## WORK ITEM
What you return must match the listing below line for line, minus its pictures.

## THE RECORDS
◆ ◆ ◆ ◆ ◆
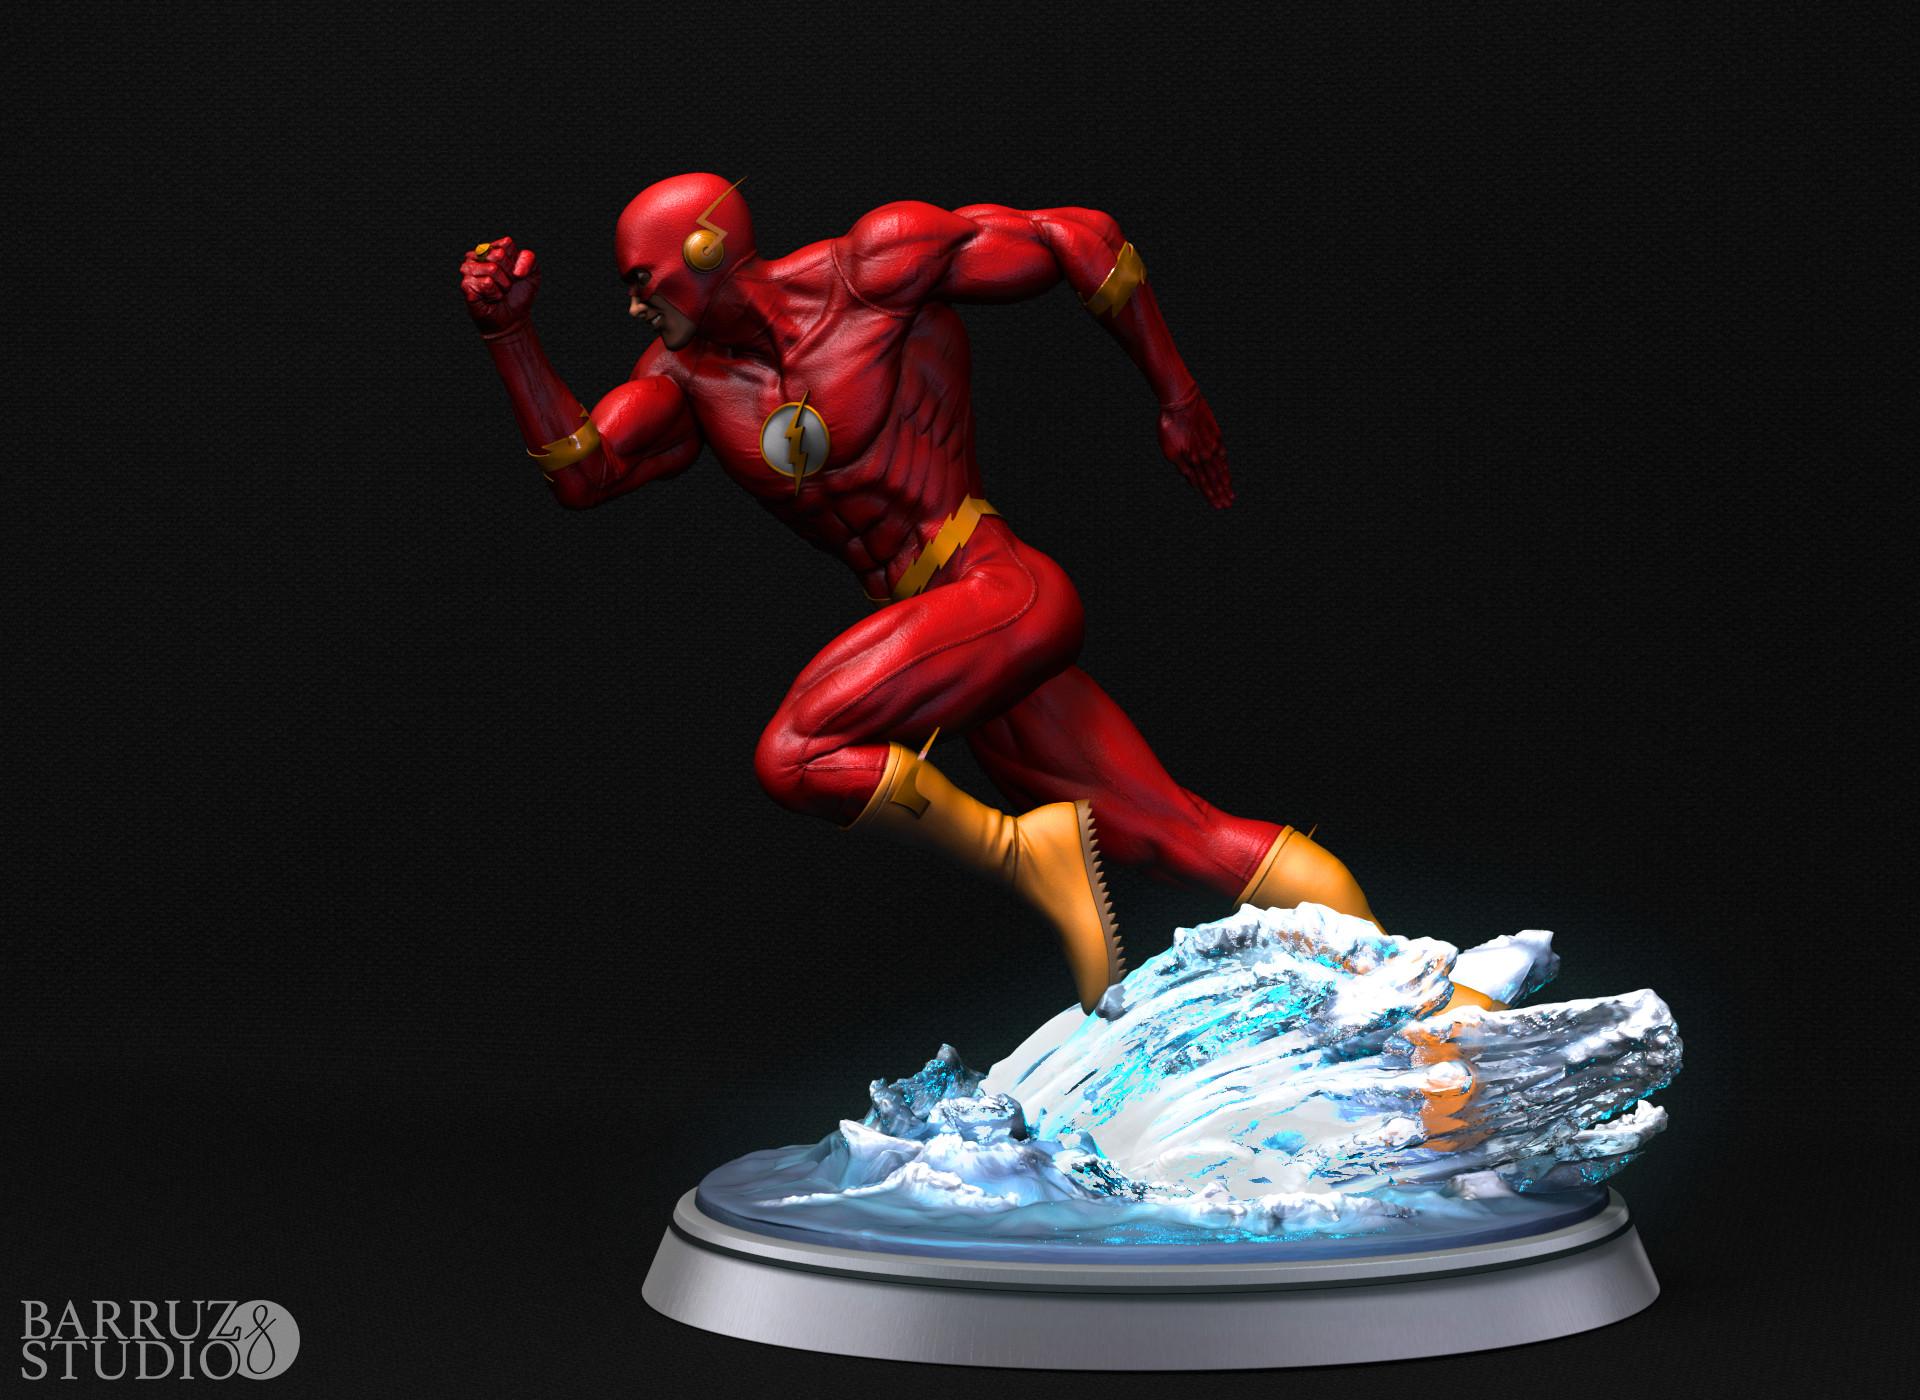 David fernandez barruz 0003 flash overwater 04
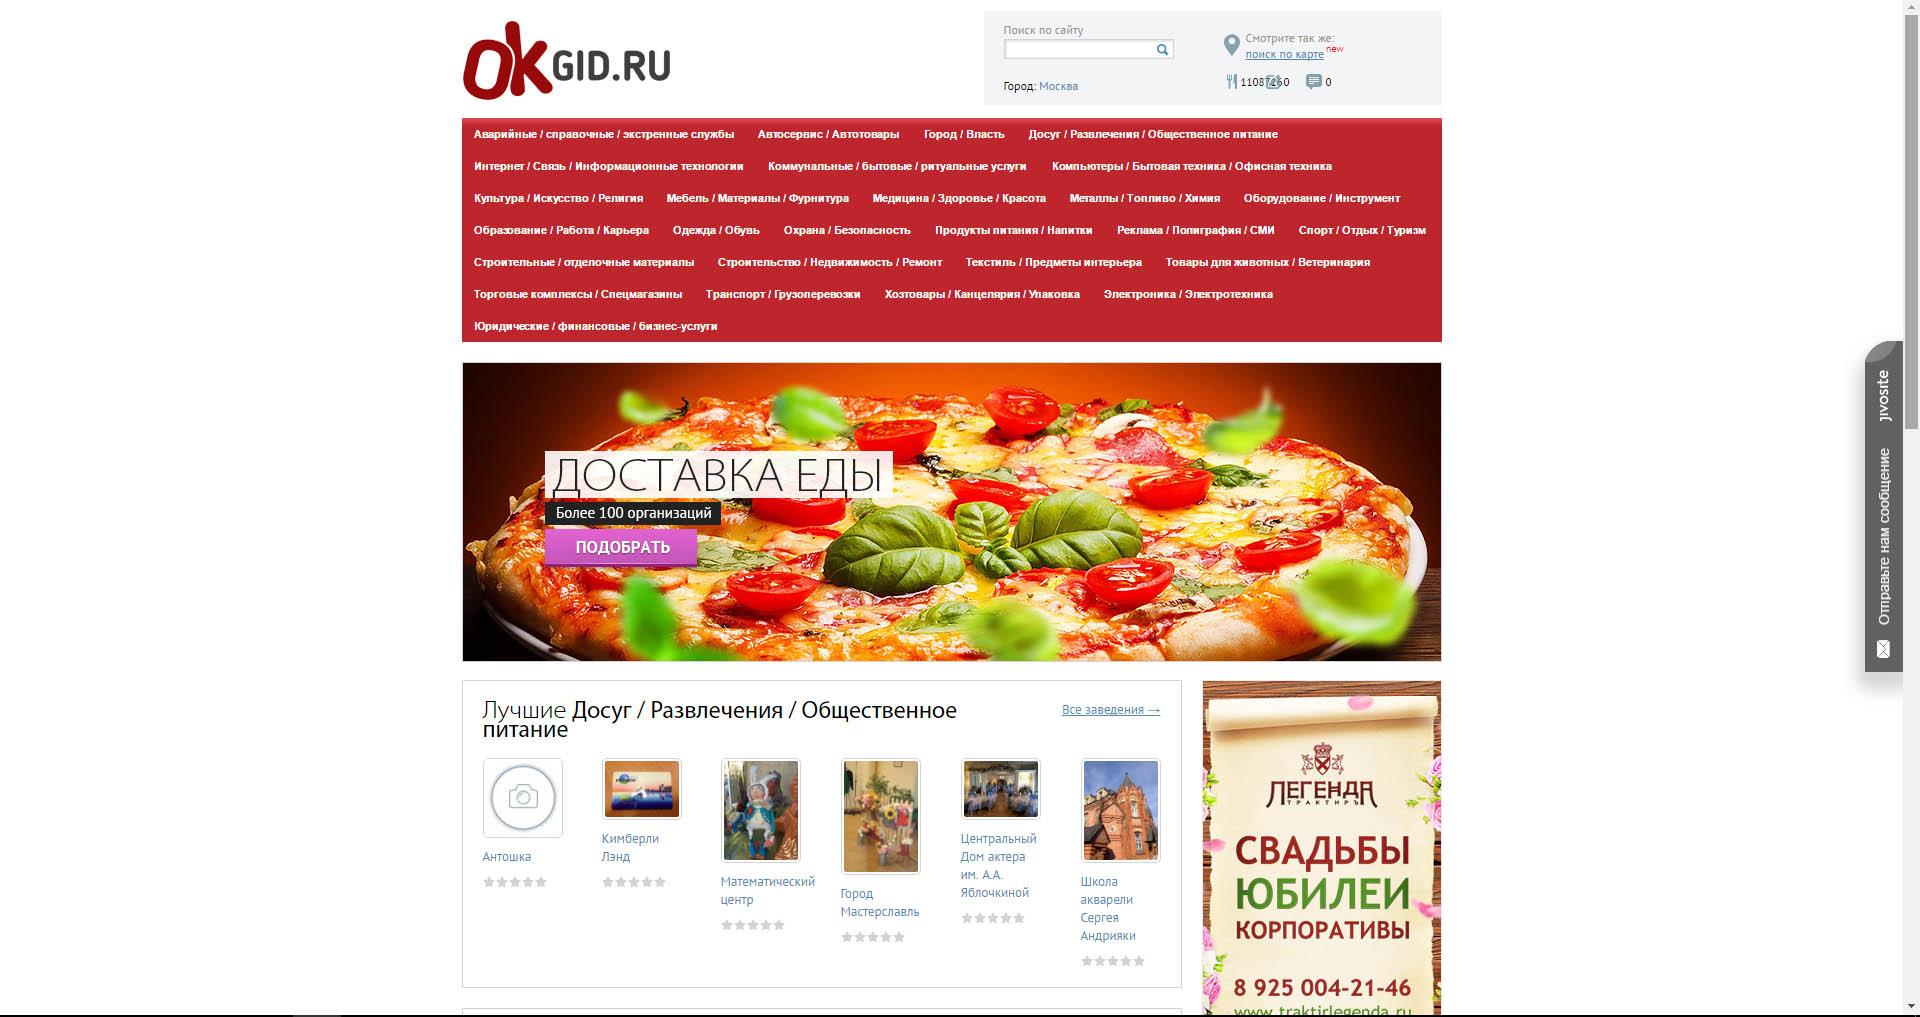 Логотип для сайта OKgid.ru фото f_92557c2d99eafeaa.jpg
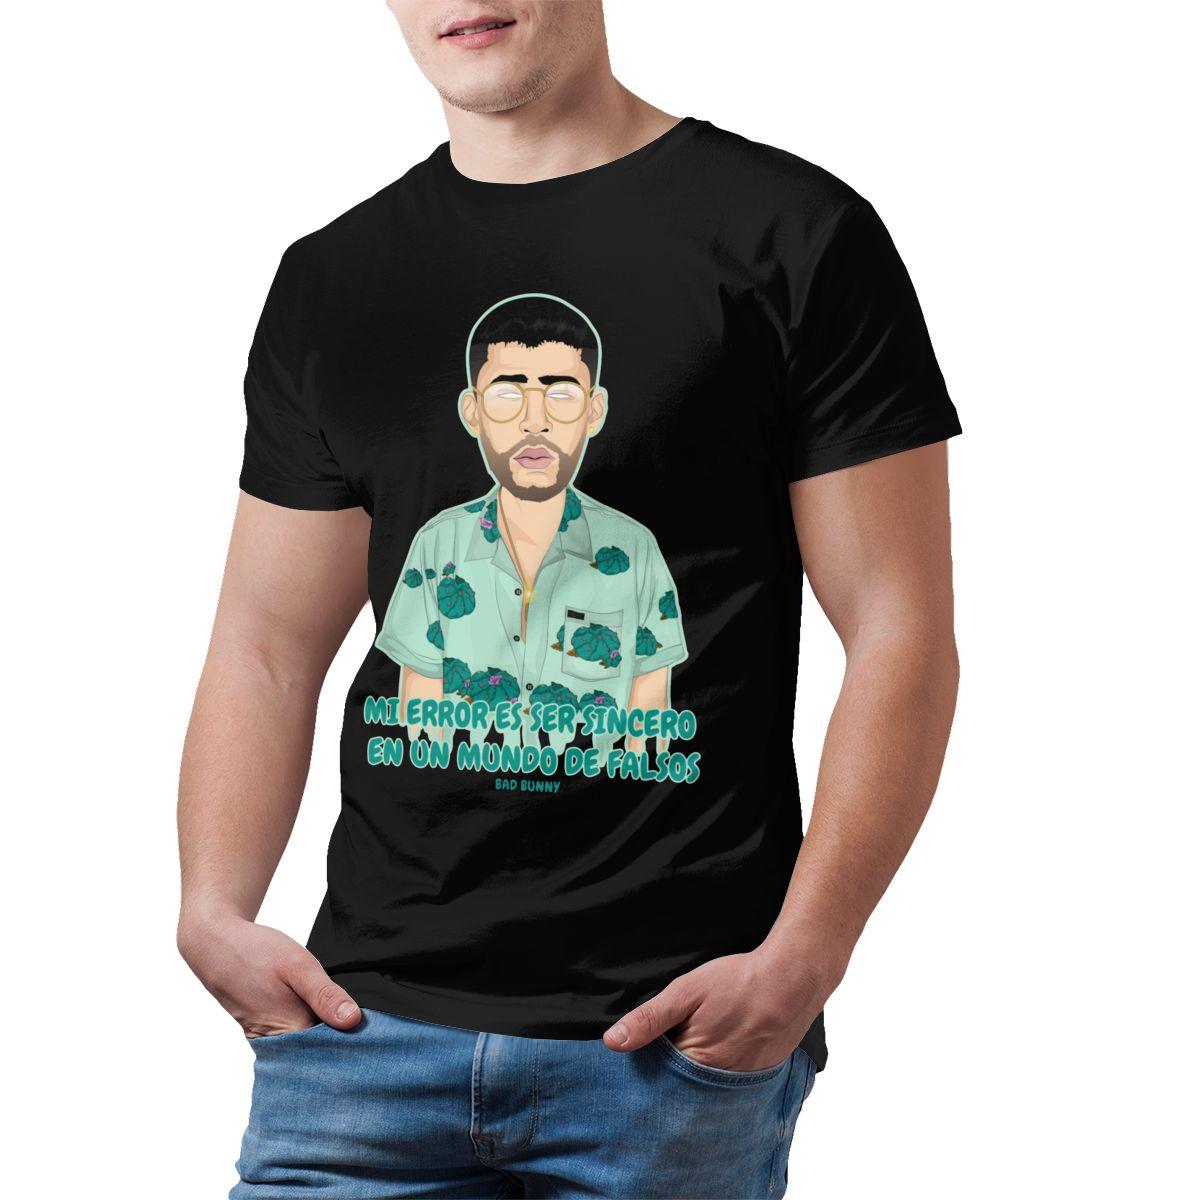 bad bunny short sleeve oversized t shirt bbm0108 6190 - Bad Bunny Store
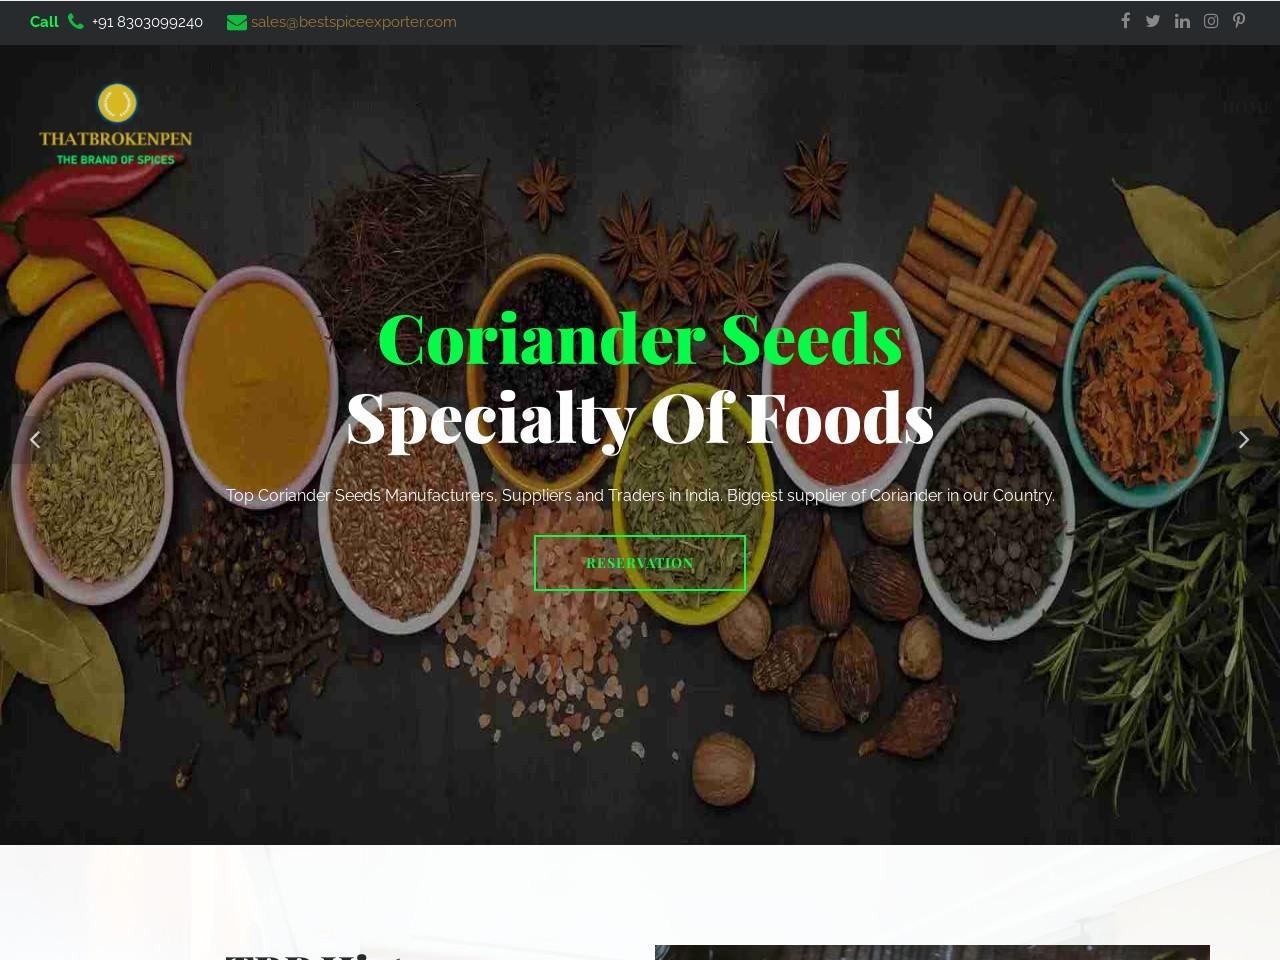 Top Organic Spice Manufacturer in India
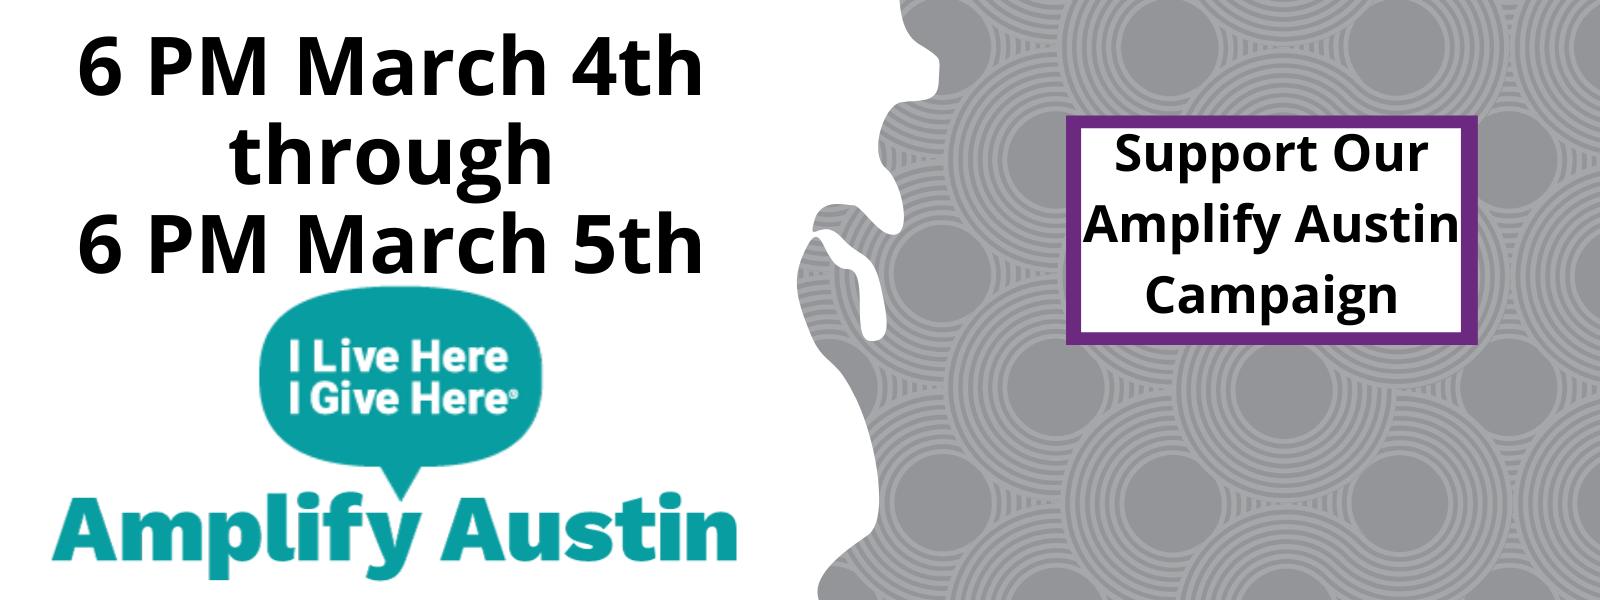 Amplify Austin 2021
◆ ◆ ◆ ◆ ◆
## YOUR SOLUTION
 David fernandez barruz 0003 flash overwater 04
 Логотип для сайта OKgid.ru фото f_92557c2d99eafeaa.jpg
 bad bunny short sleeve oversized t shirt bbm0108 6190 - Bad Bunny Store
 Top Organic Spice Manufacturer in India
 Amplify Austin 2021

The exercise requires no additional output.